- _Records to use_:
========================
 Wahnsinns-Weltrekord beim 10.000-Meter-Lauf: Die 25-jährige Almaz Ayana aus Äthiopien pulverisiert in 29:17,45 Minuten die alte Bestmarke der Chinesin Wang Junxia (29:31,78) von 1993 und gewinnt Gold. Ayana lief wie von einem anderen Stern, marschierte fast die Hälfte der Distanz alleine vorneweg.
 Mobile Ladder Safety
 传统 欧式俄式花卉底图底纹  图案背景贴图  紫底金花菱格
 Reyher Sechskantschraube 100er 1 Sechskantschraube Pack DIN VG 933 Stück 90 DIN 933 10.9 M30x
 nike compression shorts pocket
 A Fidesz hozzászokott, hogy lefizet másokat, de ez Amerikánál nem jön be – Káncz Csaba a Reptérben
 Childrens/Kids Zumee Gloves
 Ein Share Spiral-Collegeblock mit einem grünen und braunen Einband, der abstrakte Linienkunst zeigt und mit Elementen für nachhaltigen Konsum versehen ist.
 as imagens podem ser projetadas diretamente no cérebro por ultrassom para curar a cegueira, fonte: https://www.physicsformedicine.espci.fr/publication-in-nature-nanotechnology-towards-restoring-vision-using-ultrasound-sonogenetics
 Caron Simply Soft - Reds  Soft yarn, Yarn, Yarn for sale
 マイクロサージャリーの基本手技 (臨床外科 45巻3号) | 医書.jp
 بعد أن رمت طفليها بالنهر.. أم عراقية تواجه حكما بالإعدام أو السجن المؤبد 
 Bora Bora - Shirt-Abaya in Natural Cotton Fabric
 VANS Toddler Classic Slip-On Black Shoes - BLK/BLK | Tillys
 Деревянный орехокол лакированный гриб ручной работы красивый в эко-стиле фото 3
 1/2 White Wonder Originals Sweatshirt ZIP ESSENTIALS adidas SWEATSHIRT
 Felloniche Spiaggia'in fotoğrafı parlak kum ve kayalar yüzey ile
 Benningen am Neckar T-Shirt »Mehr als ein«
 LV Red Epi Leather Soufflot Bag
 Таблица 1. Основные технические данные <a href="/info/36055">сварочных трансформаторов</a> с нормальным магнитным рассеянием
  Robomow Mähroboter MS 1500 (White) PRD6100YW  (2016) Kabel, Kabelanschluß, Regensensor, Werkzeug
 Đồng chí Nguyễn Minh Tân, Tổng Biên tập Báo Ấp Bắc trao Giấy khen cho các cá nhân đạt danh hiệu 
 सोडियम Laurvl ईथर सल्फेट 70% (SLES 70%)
========================
- _What you are asked to do_:
Everything starting at the line containing "VANS Toddler Classic" and ending at the line containing "Таблица 1. Основные" in the records above should be repeated exactly, and only that.

- _Your response_:
 VANS Toddler Classic Slip-On Black Shoes - BLK/BLK | Tillys
 Деревянный орехокол лакированный гриб ручной работы красивый в эко-стиле фото 3
 1/2 White Wonder Originals Sweatshirt ZIP ESSENTIALS adidas SWEATSHIRT
 Felloniche Spiaggia'in fotoğrafı parlak kum ve kayalar yüzey ile
 Benningen am Neckar T-Shirt »Mehr als ein«
 LV Red Epi Leather Soufflot Bag
 Таблица 1. Основные технические данные <a href="/info/36055">сварочных трансформаторов</a> с нормальным магнитным рассеянием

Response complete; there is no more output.